Concrete paving slabs can allow rainwater to drain quickly and safely

You may have heard of sustainable urban drainage systems, or SUDS - driveways and paving methods that allow water to be carried into the ground, rather than leaving your property as surface run-off.

The idea behind these is simple as, unless water has a way of finding its way into the earth or the sewerage system, it can accumulate as large areas of standing water.

Concrete flagstones can provide you with an excellent option, as styles like York stone paving have wavy edges, similar to those of natural stone.

As they do not fit snugly against one another, York stone paving slabs leave small gaps through which the rainwater can escape, allowing it to penetrate into the earth as it would if your garden were still bare earth or lawn.

Other paving options - particularly block paving - are now emulating this wavy-edged approach, in order to prevent block-paved driveways from flooding in heavy rain.

How do I make sure my patio drains properly?

To give your patio the best chance of draining well in the rain, there are several steps you can take - and some of them fly in the face of the advice you might read elsewhere.

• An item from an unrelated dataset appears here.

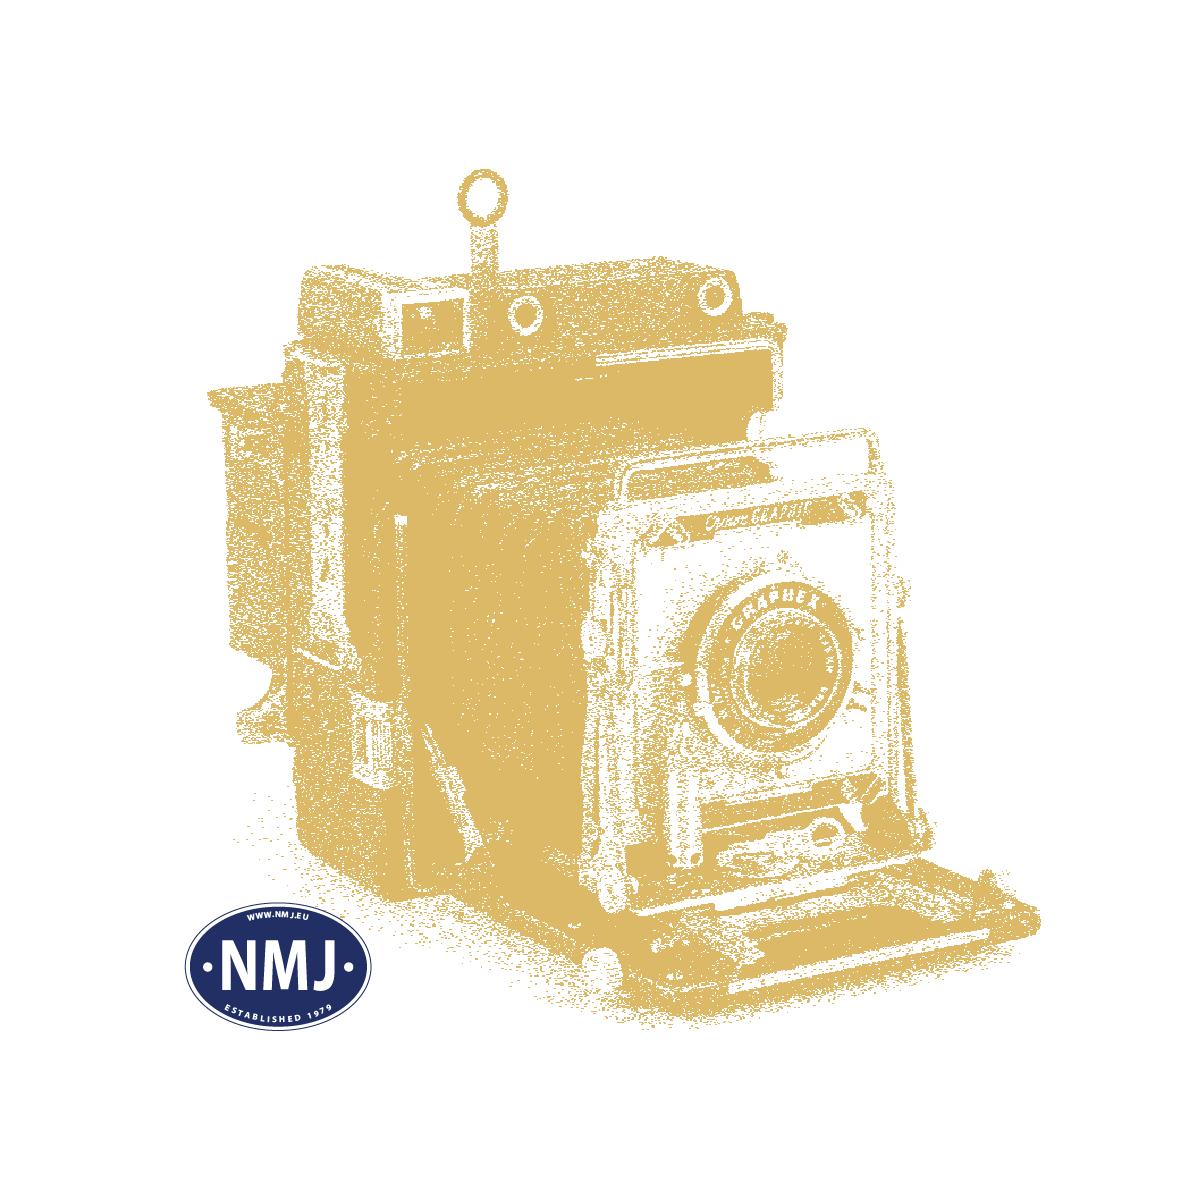 NMJT85.102AC - NMJ Topline NSB Di8.710, AC analog

Firstly, you may wish to use the surface of your patio to guide rainwater in a particular direction; to do this, simply make sure that your patio slopes towards your chosen flowerbed, drainage ditch or sewer inlet.

Laying on a bed of sand makes it quite easy to make minor adjustments to the slope of your patio, and is probably the way you've been told to lay your concrete paving slabs if you've read any tutorials or asked friends and family who have laid a patio of their own in the past.

The second option is a little different, however, as it allows rainwater to continue draining directly downwards into the earth.

In this approach, you would lay your concrete slabs on to gravel, which in turn would be spread over a permeable membrane, rather than any kind of non-permeable plastic sheeting.

Leave a small gap between the slabs as you lay them and fill the joints with loose gravel, rather than packed sand or mortar, which can both prevent water from draining through.